DATA |
++++++++
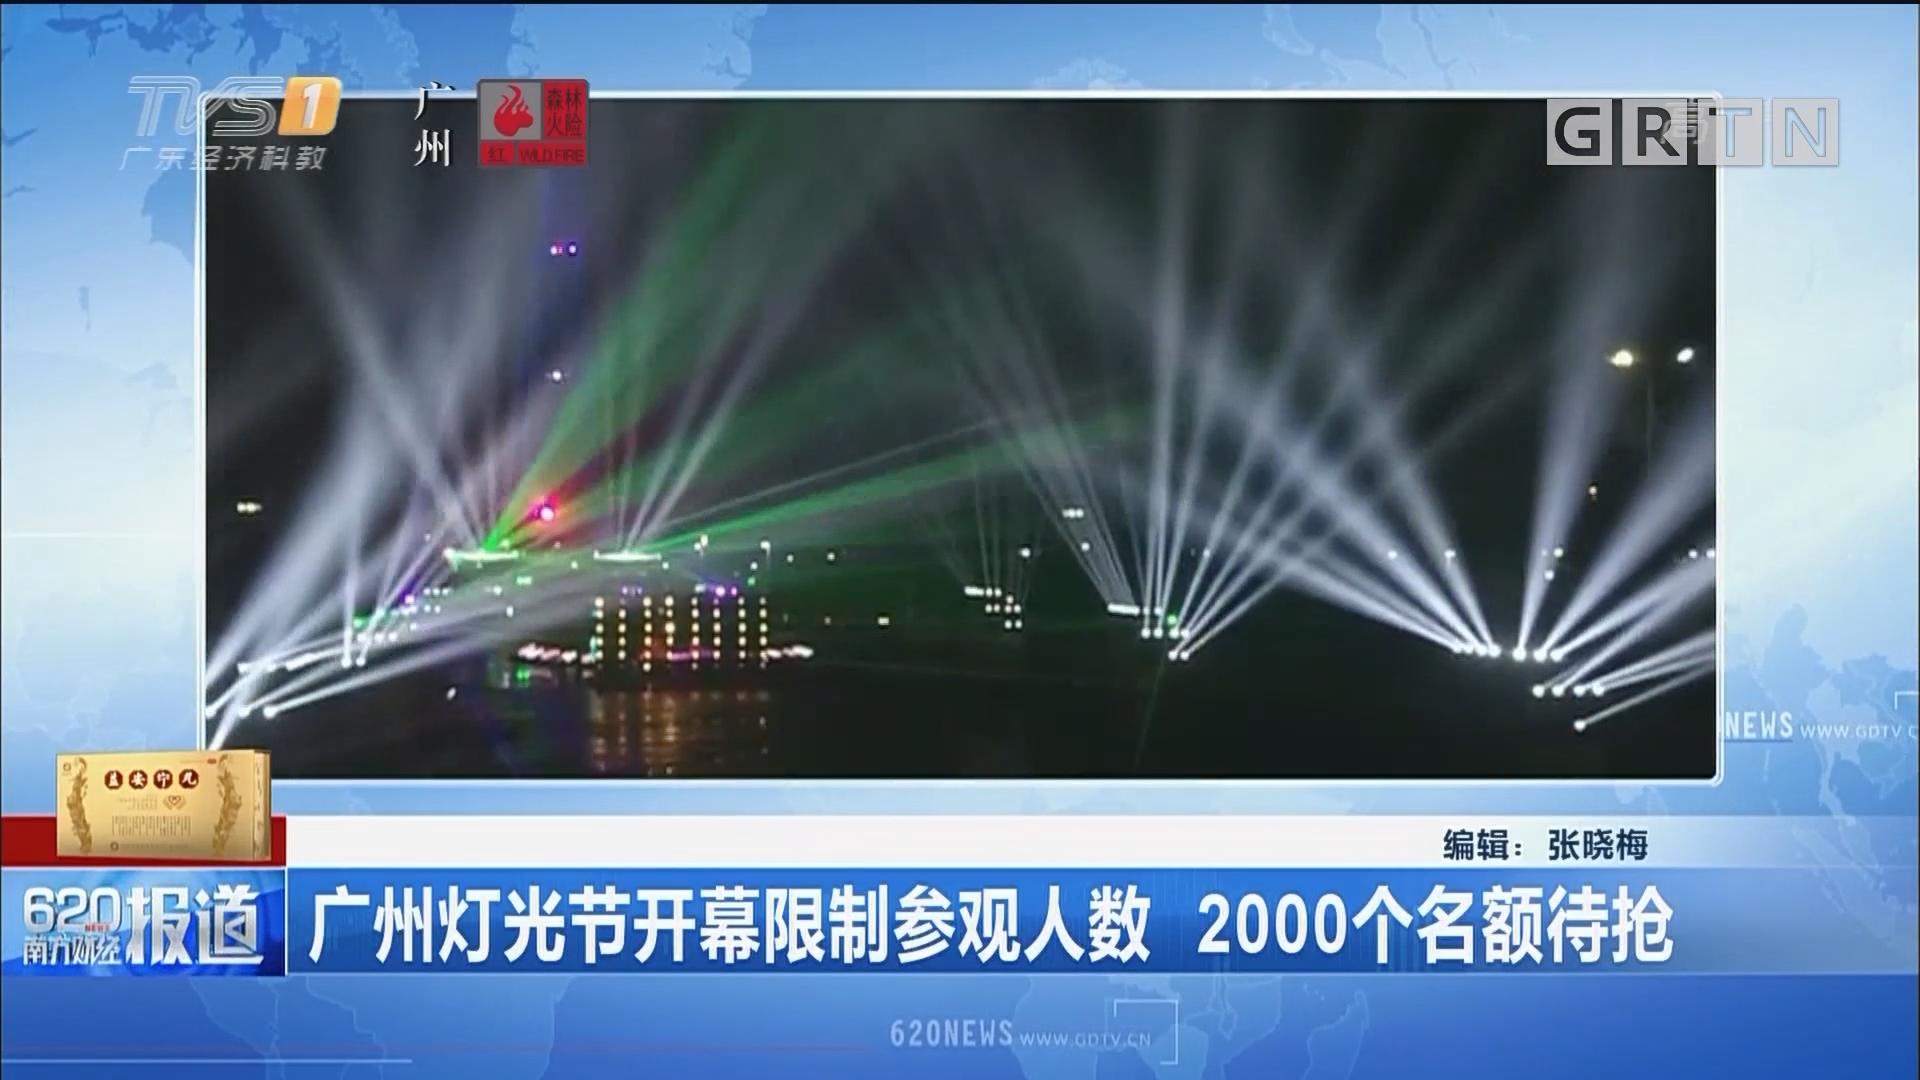 广州灯光节开幕限制参观人数 2000个名额待抢
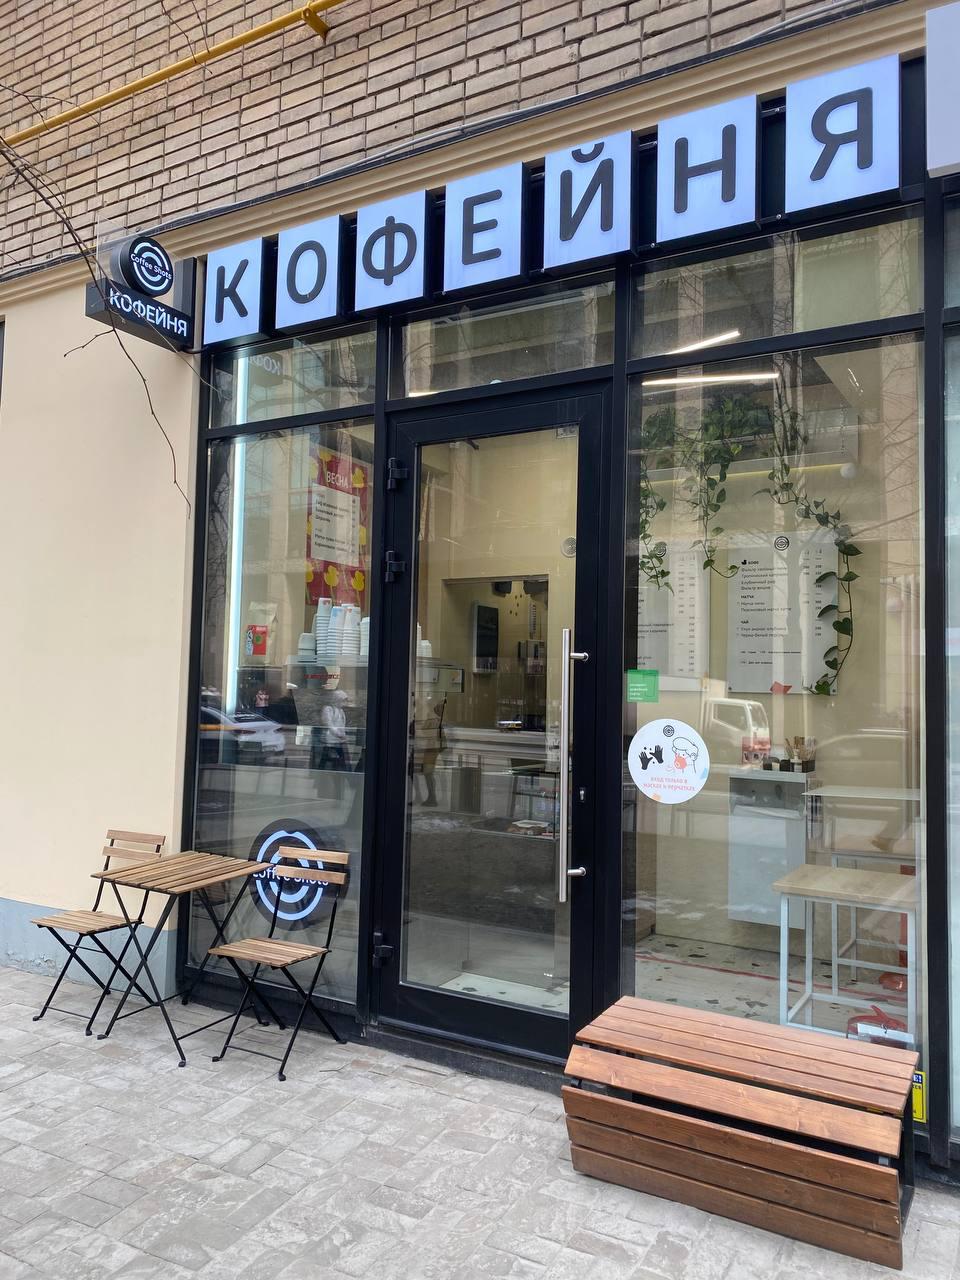 Москва<br/>Coffeeshots Lesnaya<br/>250 руб/ч
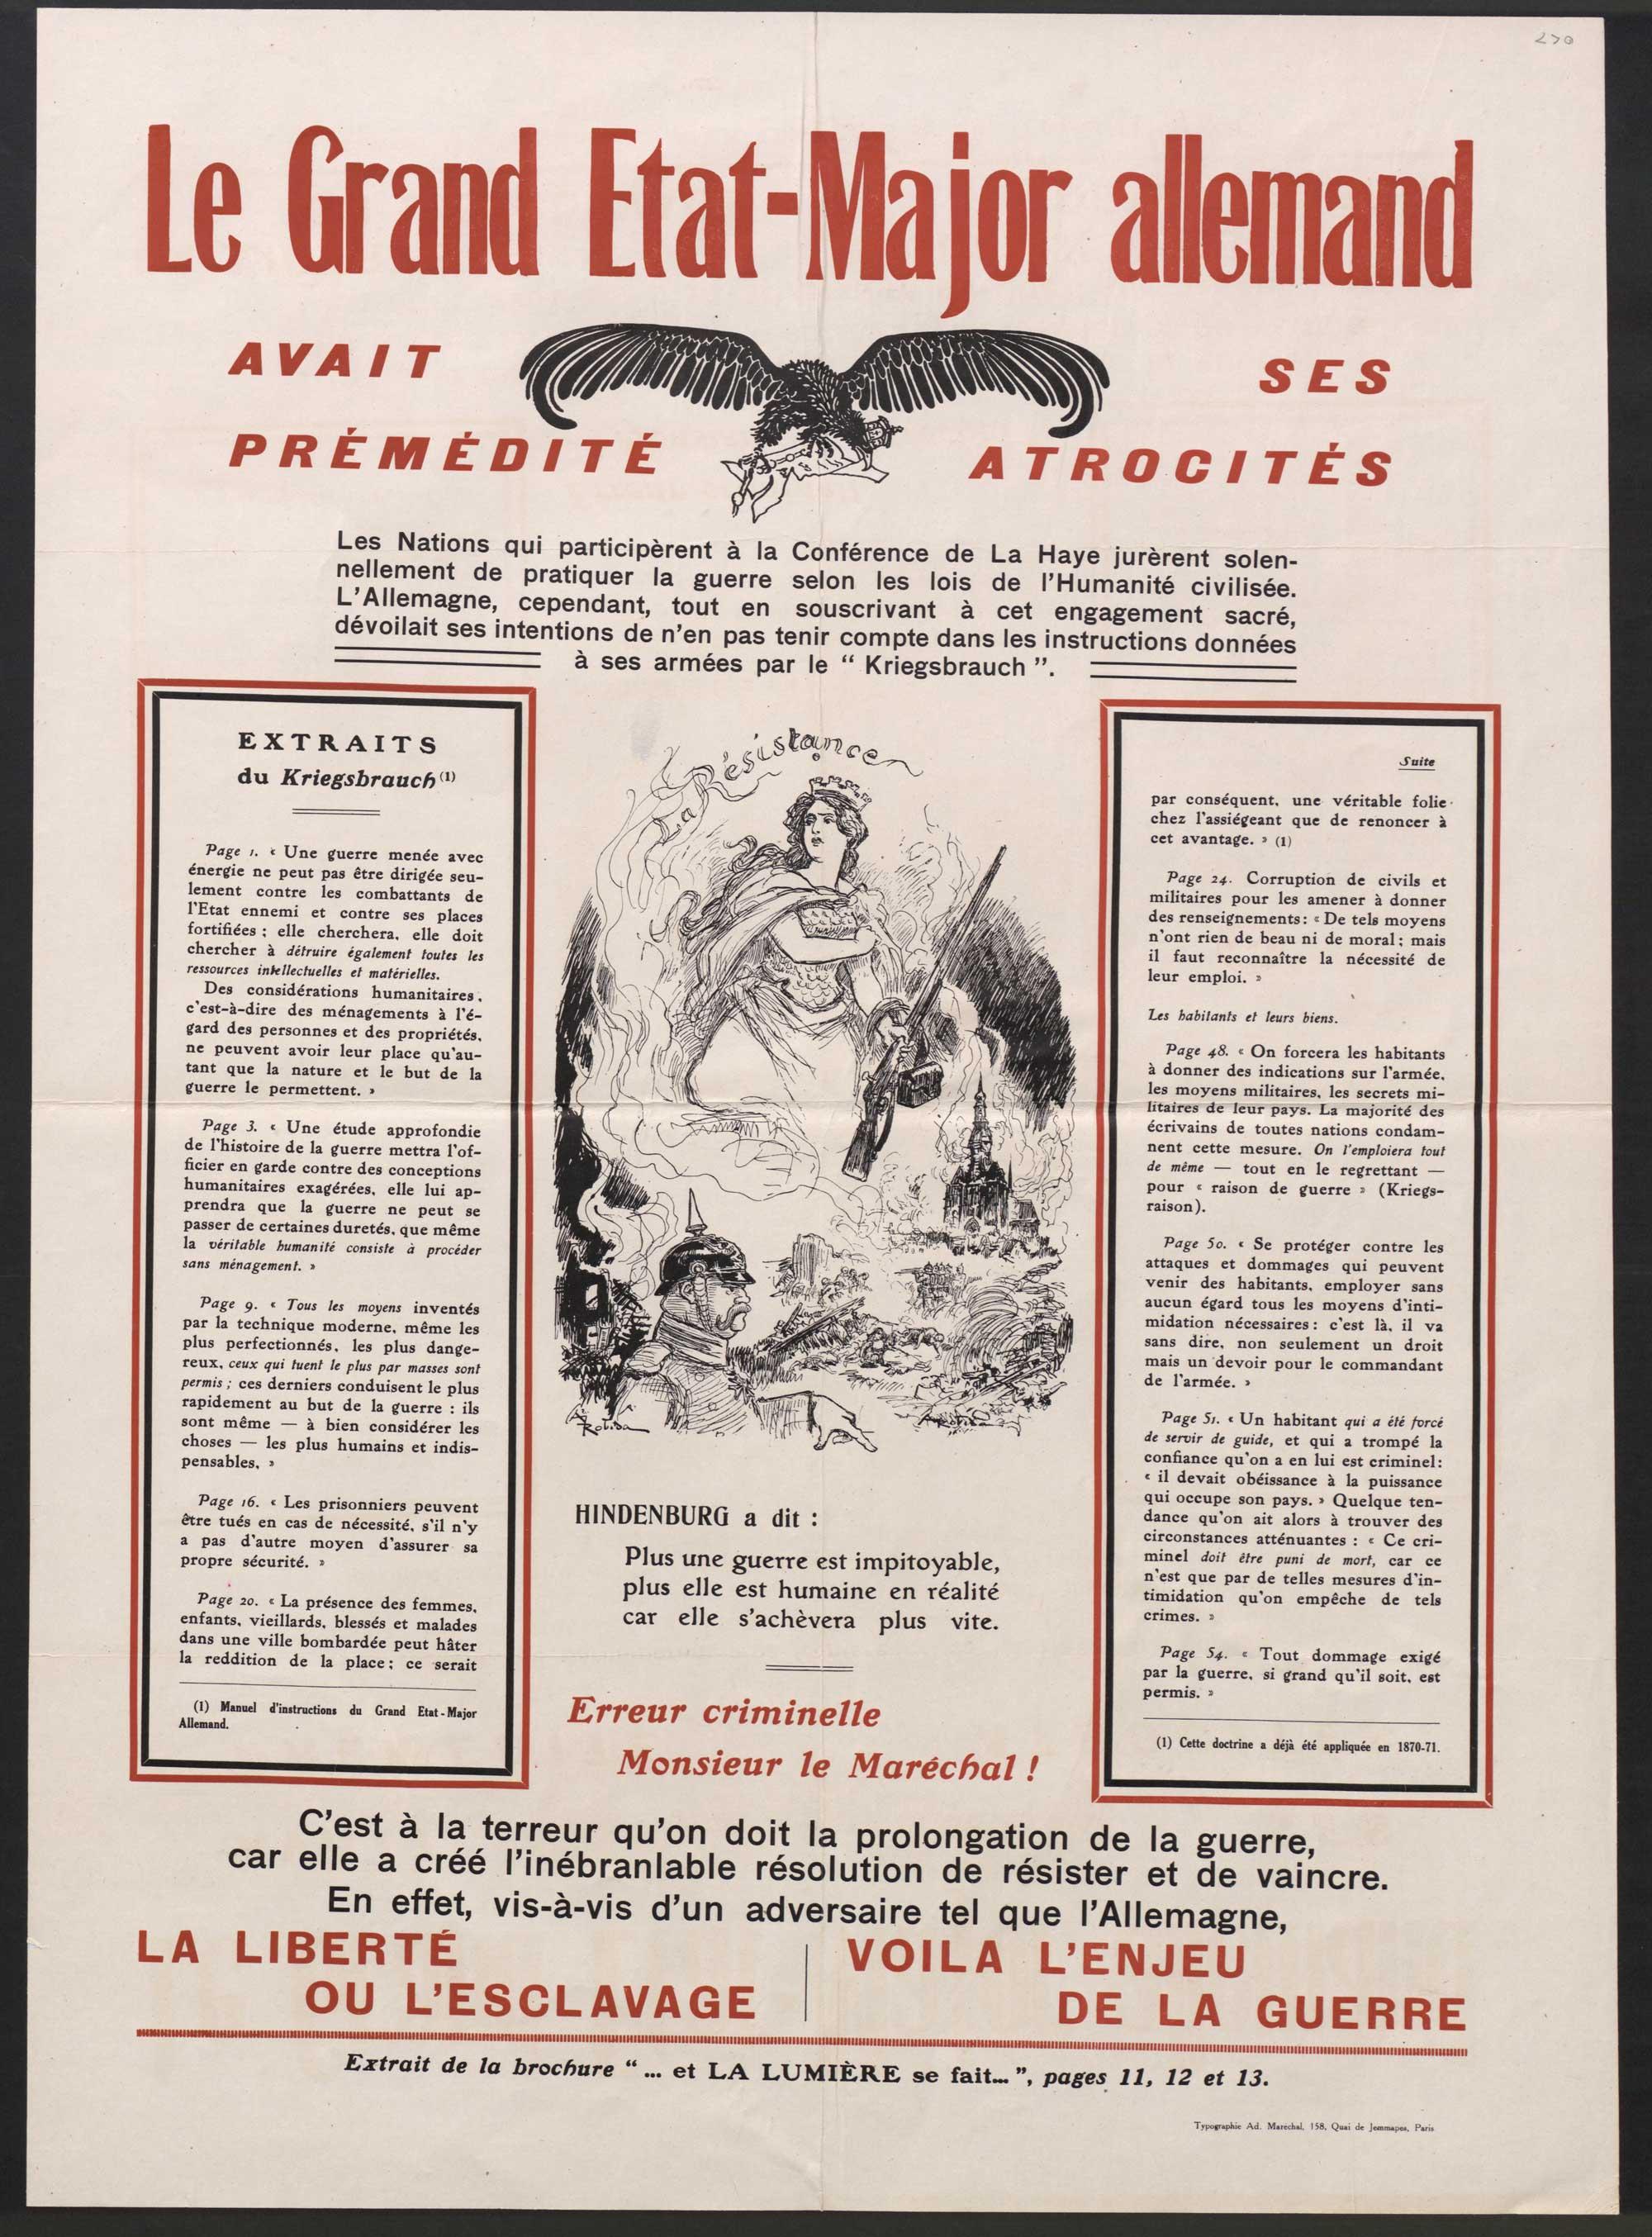 N. 270. Le Grand Etat-Major allemande avait prémédité ses atrocités
++++++++
EXERCISE |
Starting at the line that holds "Москва<br/>Coffeeshots Lesnaya<br/>250 руб/ч", reproduce each line through the last one of the listing, and nothing more; the pictures stay out.

ANSWER SPACE |
 Москва<br/>Coffeeshots Lesnaya<br/>250 руб/ч
 N. 270. Le Grand Etat-Major allemande avait prémédité ses atrocités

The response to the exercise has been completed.